Goat anti human tslpr antibody

Four-week-old female nude mice were purchased from Chinese Academy of Science (Shanghai) and housed in a pathogen-free facility. Experimental procedures were in accordance with the Animal Care and Use Committee at Fudan University. Recombinant human TSLP, rabbit anti-human TSLP antibody and goat anti-human TSLPR antibody applied for immunocytochemistry were purchased from R&D. FITC-conjugated anti-human TSLPR antibody were purchased from eBioscience.

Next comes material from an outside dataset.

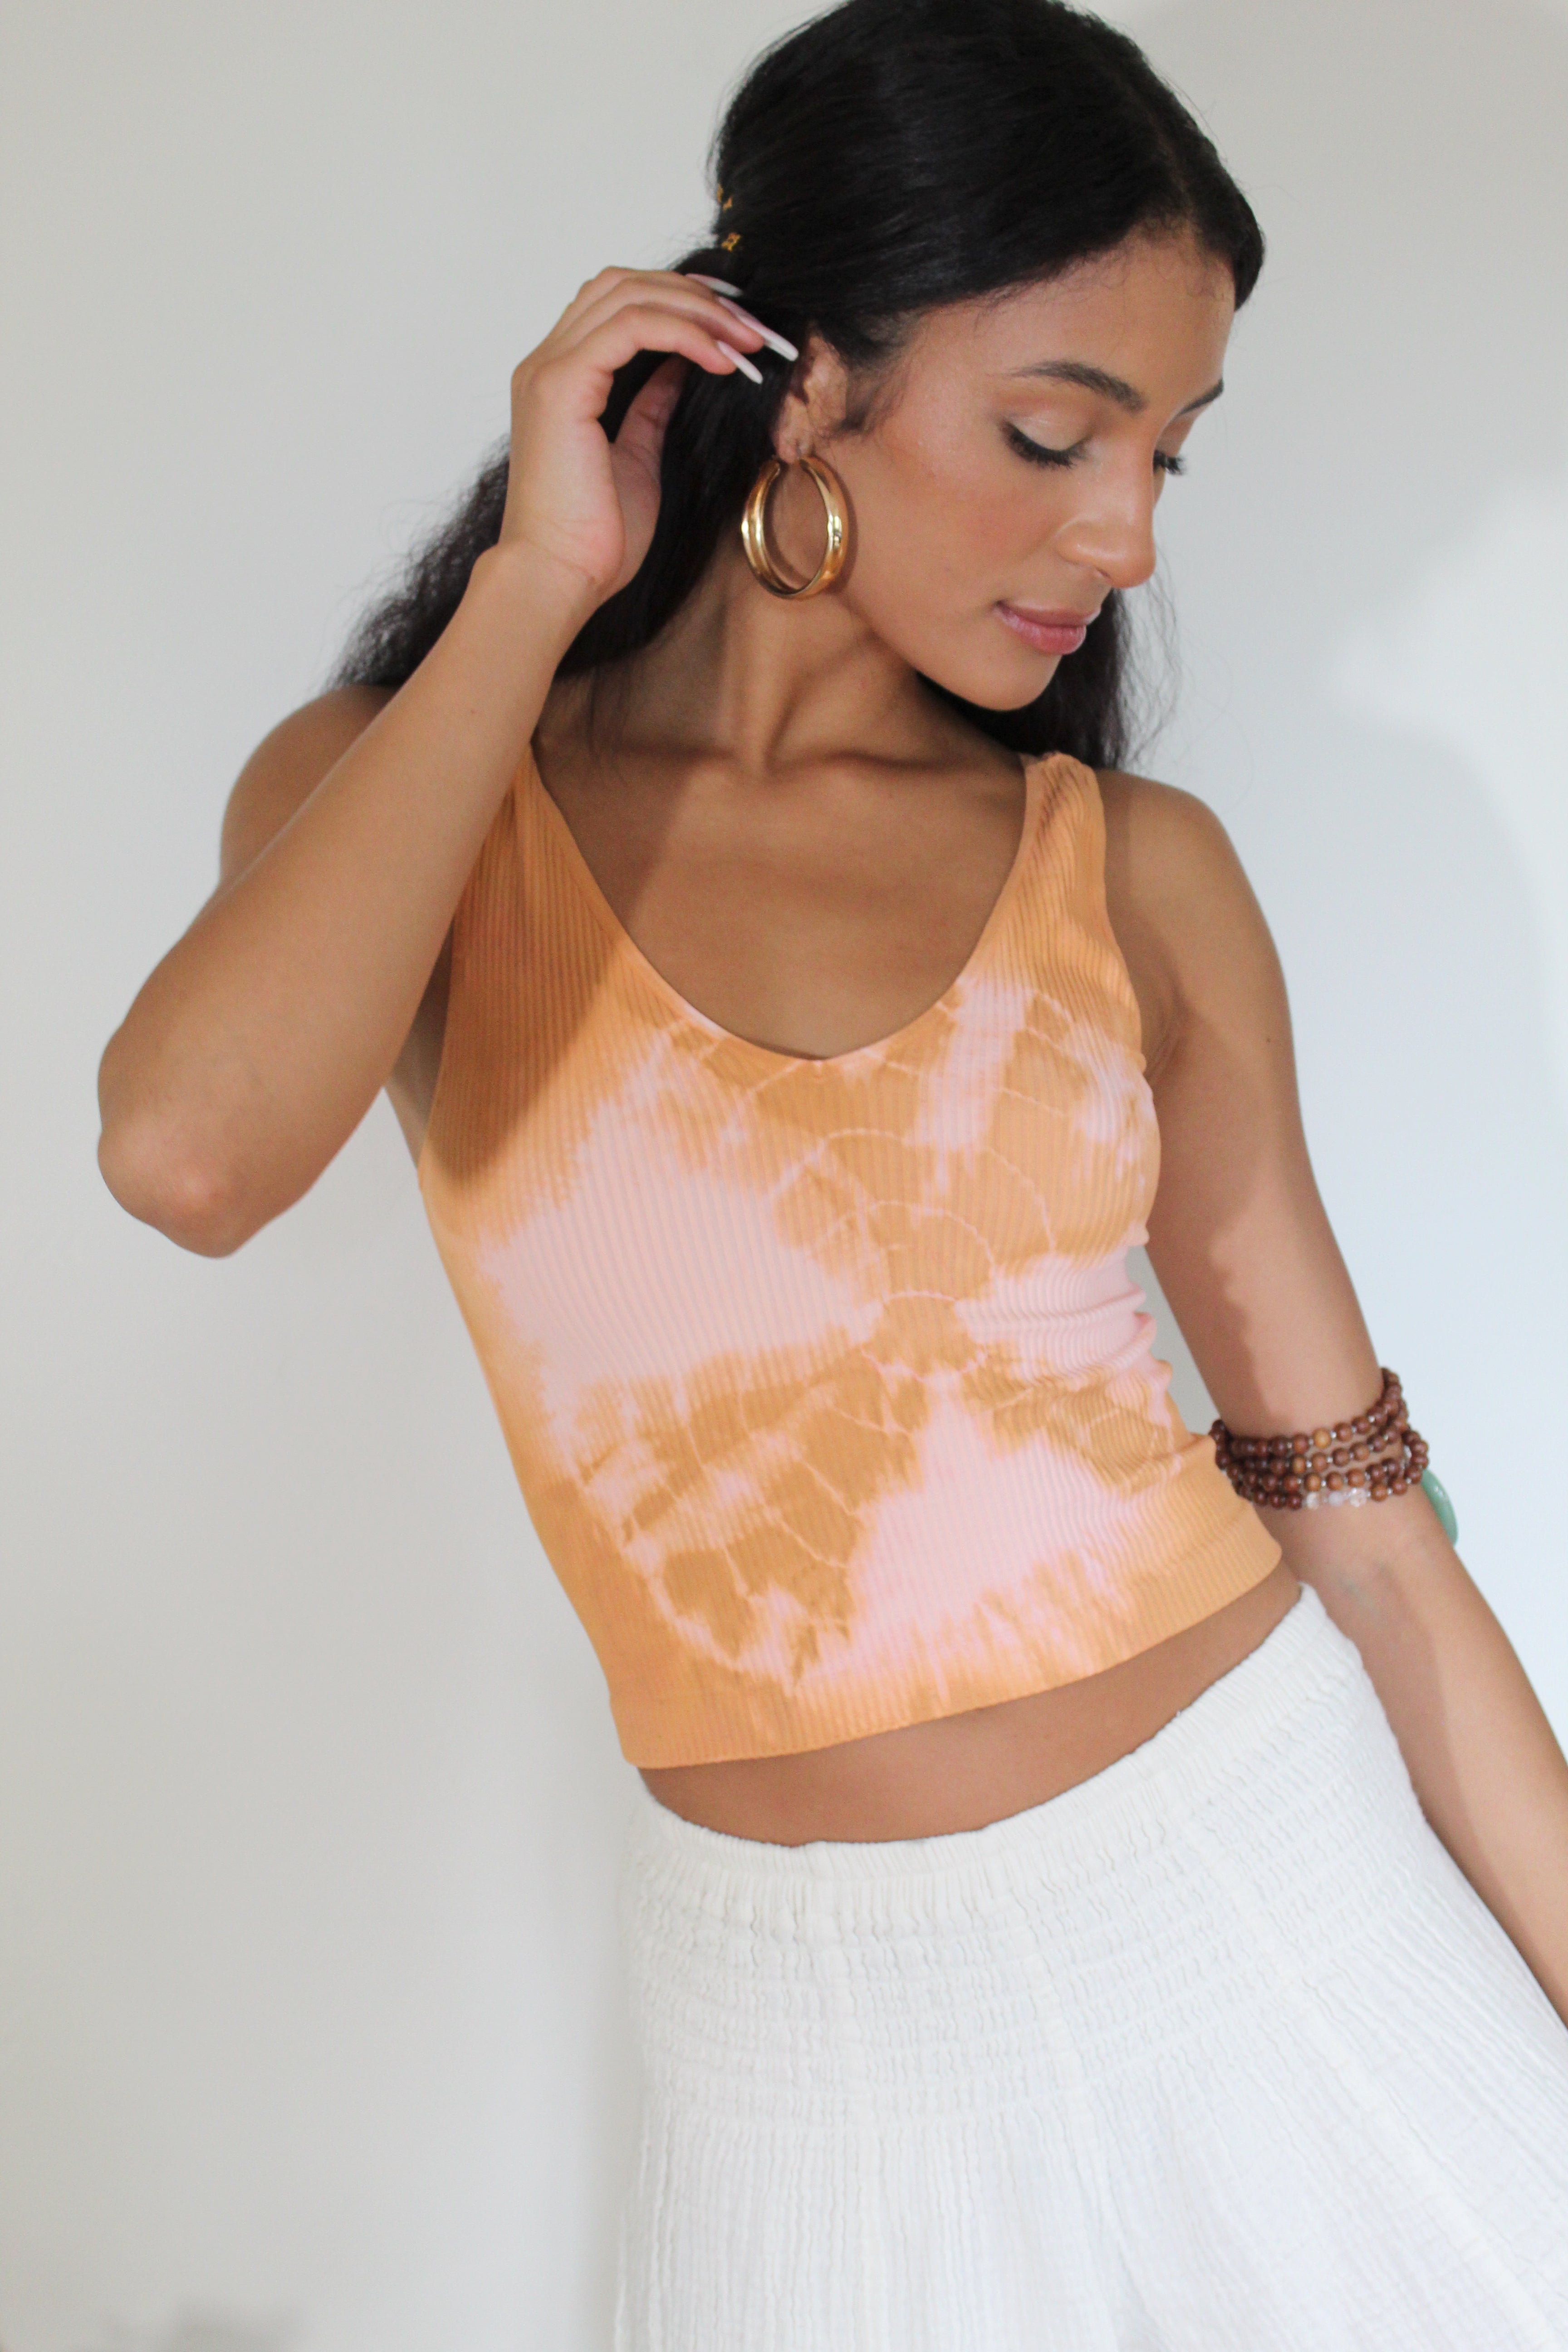 Rust Chakra Tie Dye Crop Top - Yoga Clothing by Daughters of Culture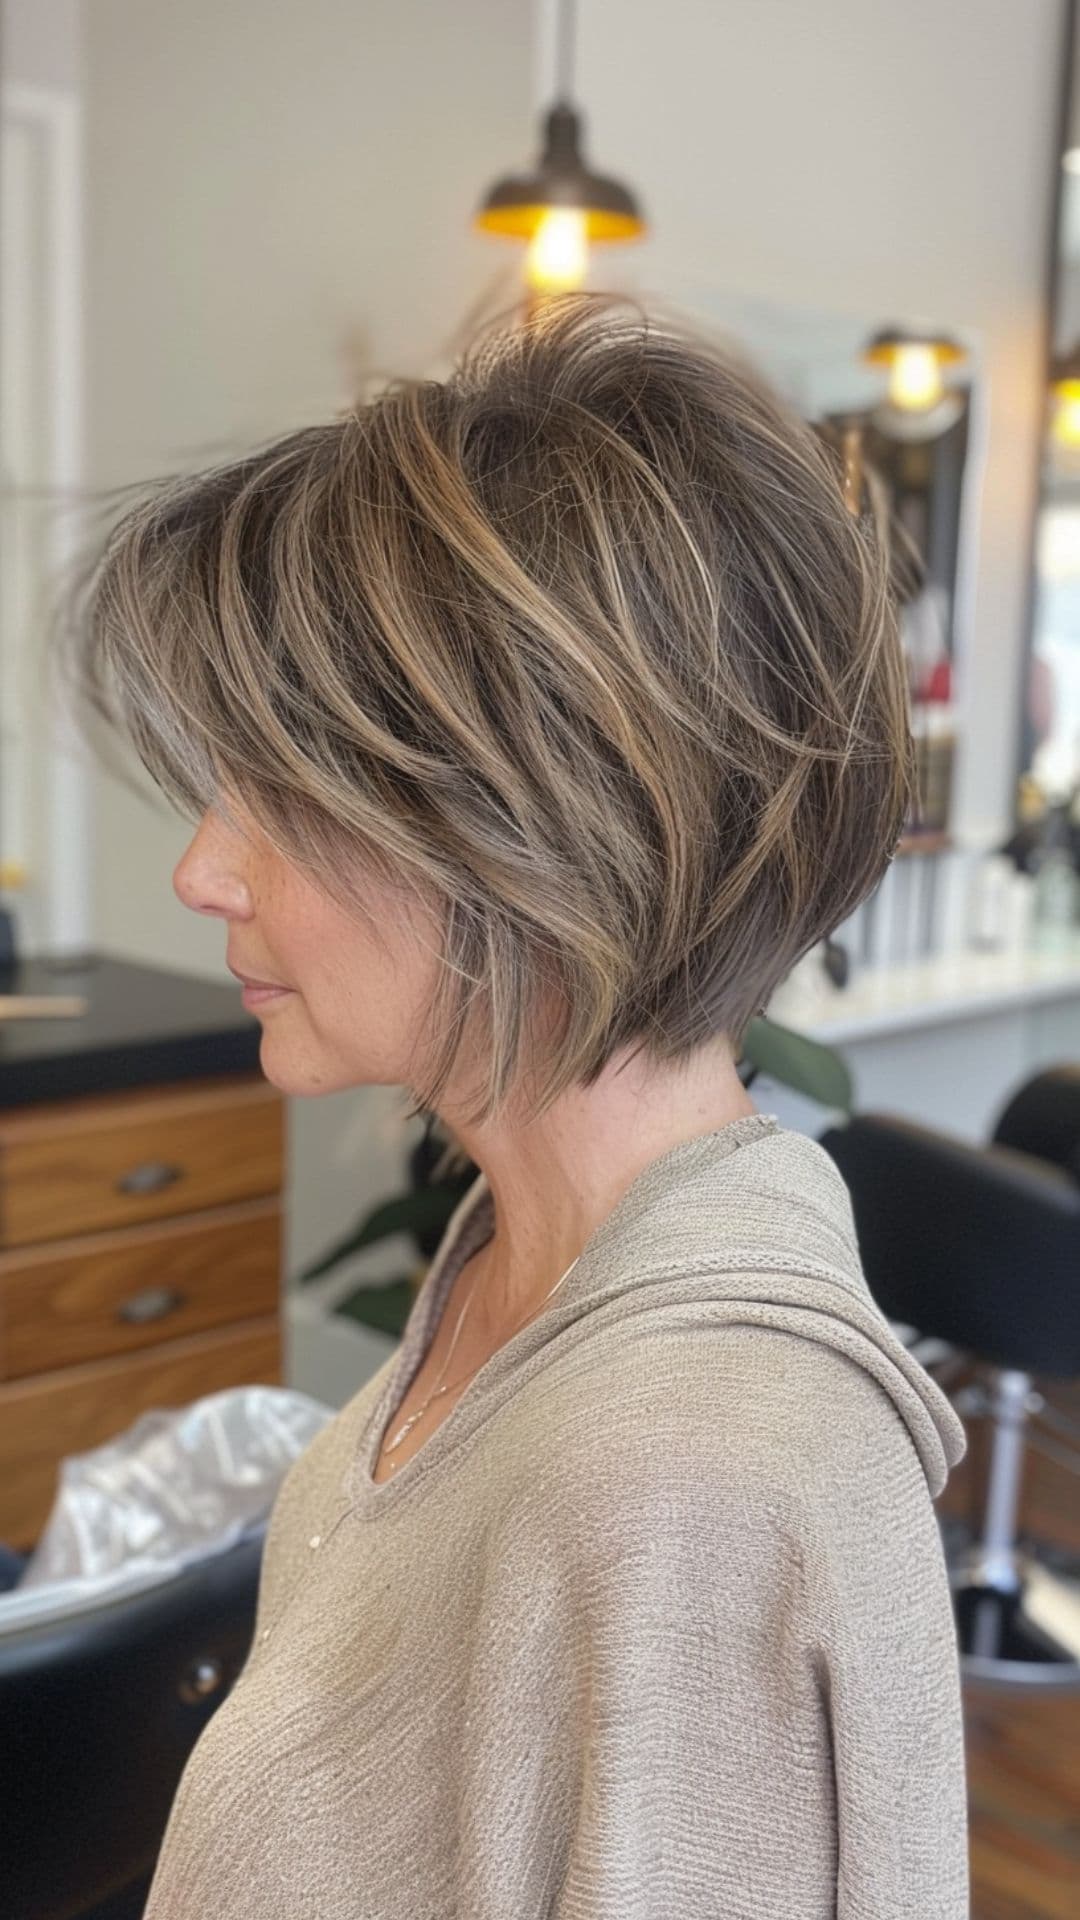 An old woman modelling an angled pixie bob with balayage.

For the detection of TSLPR expression by colon cancer cells, the coverslips were put into 6-well plate before the seeding of colon cancer cells, the cell climbing slices were taken out and fixed in 4% paraformaldehyde. Paraffin-embedded human colon sections and climbing slices were incubated with rabbit anti-human TSLP antibody and goat anti-human TSLPR antibody (1:100 dilution, R&D), respectively. The secondary antibody used was HRP-conjugated goat anti-rabbit IgG and mouse anti-goat IgG (1:200 dilution, ebioscience), respectively. Slices added with PBS instead of the primary antibodies were used as negative controls. The intensity of TSLP staining was evaluated in a blind manner by two independent investigators and graded by a 5-scale system (0, no signal; 1, weak; 2, moderate; 3, strong; 4, very strong; and 5, extremely strong). Paraffin-embedded sections of tumor excised from the mice were stained with Hematoxylin & Eosin. The necrotic areas were examined under microscope. Detection of fluorescence binding to 3′-OH of DNA fragments was performed with the TUNEL in situ cell death detection kit-POD (Roche), according to the manufacturer's instruction.